Lo único que queda es ganarle a la muerte tras saltar al vacío, sin dejar el cuerpo desperdigado en la tierra. Elevarse no, simplemente dejarse caer, siempre a mayor altura. Esos nichos sí se han ganado.

Que el salto en paracaídas tenga su efeméride no me parece irracional, es más, creo que debería ser un acontecimiento que se mencione con mayor frecuencia, como la primera vez que se jugó una final en un mundial de futbol o la llegada del hombre al espacio. Sobre esto último, me encanta la idea de que hace menos de ciento veinte años los hermanos Wright volaban por primera vez y durante unos cuantos segundos el que sería el primer aeroplano, y hoy hemos llegado a las expediciones espaciales, pasando por el Concord en su travesía supersónica y guerras cuyo éxito o fracaso ha definido la aviación.

Volar de forma individual es algo ajeno, como decía, aún es inalcanzable; lo más cercano a ello incluye un artefacto en la espalda, ya sea el parapente o el paracaídas. Del primero no puedo decir mucho, quizá sea mi próxima aventura, me han dicho que hay un alto grado de relajación, porque se vuela hacia adelante, no en caída libre, aunque el riesgo está en el aterrizaje y la cantidad de obstáculos contra los que podría chocar, si lo realizara en montaña, y mi imposibilidad de nadar en mar abierto, si decidiera hacerlo en la playa y concluir con un acuatizaje.
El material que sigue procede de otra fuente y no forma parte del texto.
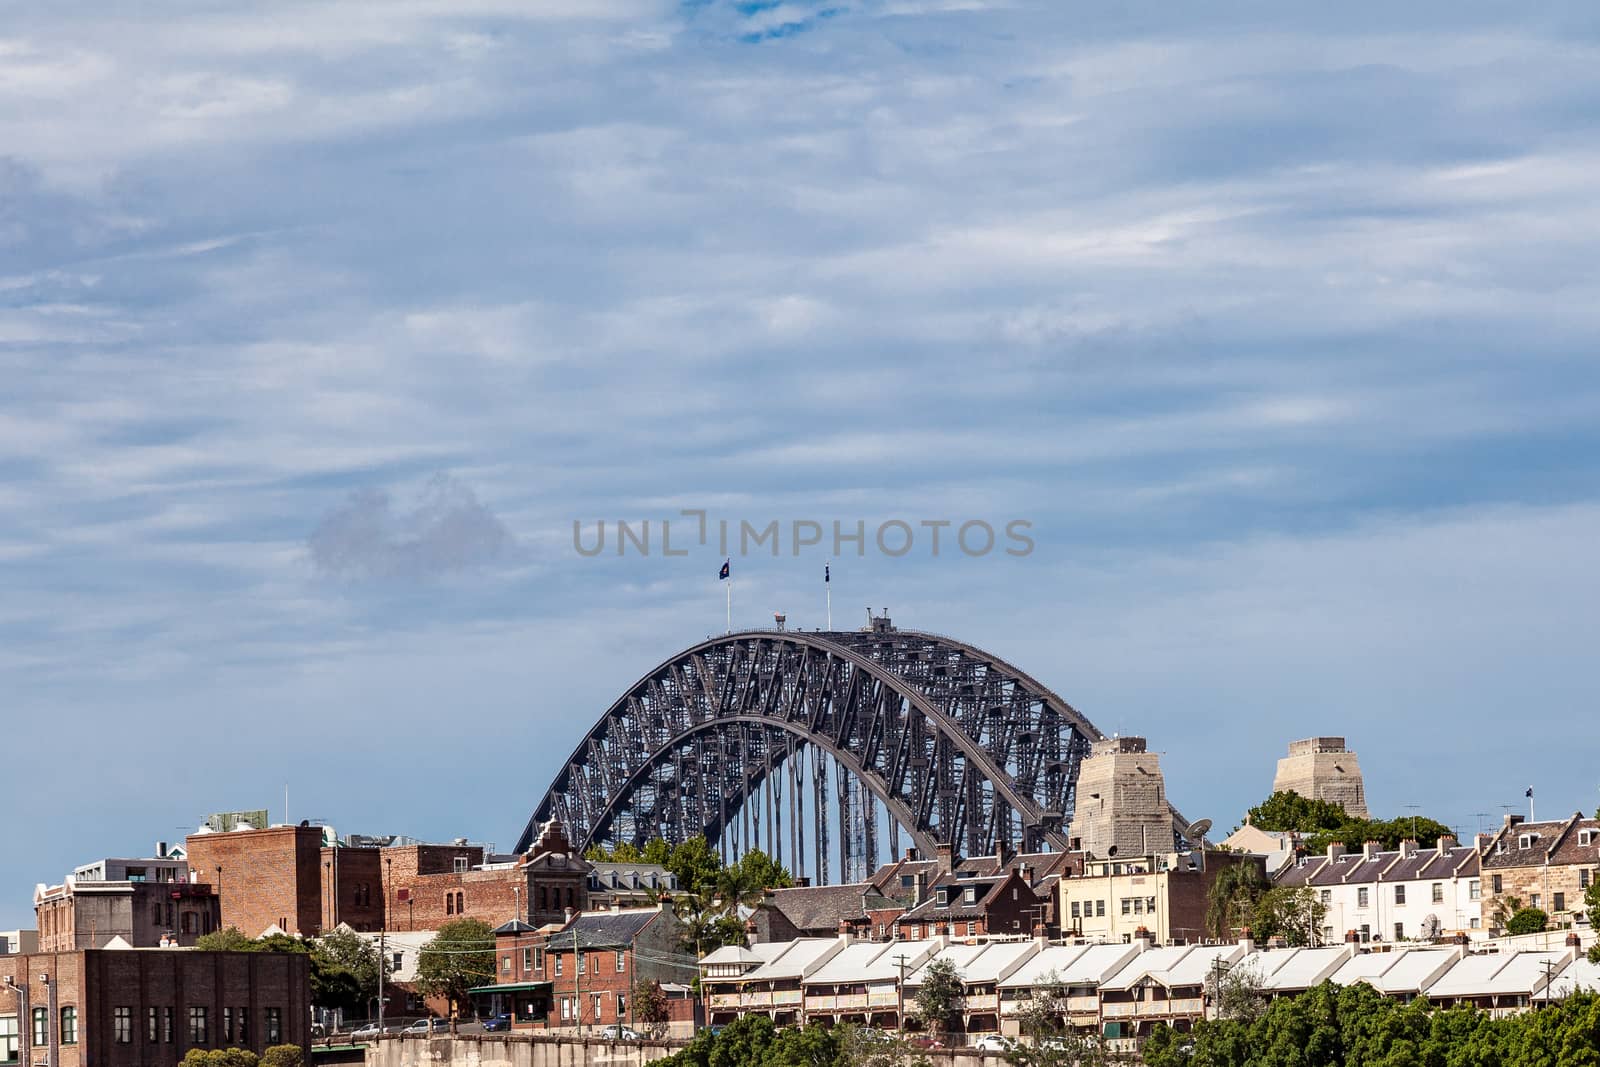 Sydney Harbour a view of the bridge rising above the surrounding buildings by kgboxford

Estoy hablando de riesgos, como si aventarse en paracaídas no fuera un acto suicida, pero aquí entra la lógica: esta actividad también ha florecido como negocio, y entre los deportes extremos es de los que tienen menos cantidad de accidentes, fulminantes, eso sí, pero un margen mínimo.

Cuando el primer hombre en saltar en paracaídas realizó la hazaña, no tenía la certeza que poseíamos todos los que acudimos al campo de salto la mañana del 31 de diciembre de hace algunos años: en un salto de rutina con un paracaidista experto que hacía entre ocho y diez saltos al día, las probabilidades de éxito estaban de nuestro lado. Garnerin, un francés de finales del XVIII y principios del XIX confiaba en su dispositivo de seda, lo había probado varias veces, siempre a mayor altura, hasta que sus cálculos le indicaron el límite del ascenso y fue momento de probar con la versión definitiva del invento. A finales del siglo XVIII Garnerin le puso su nombre y apellido al peldaño que acababa de conquistar, y fue el primer hombre en hacer un salto en paracaídas con total éxito.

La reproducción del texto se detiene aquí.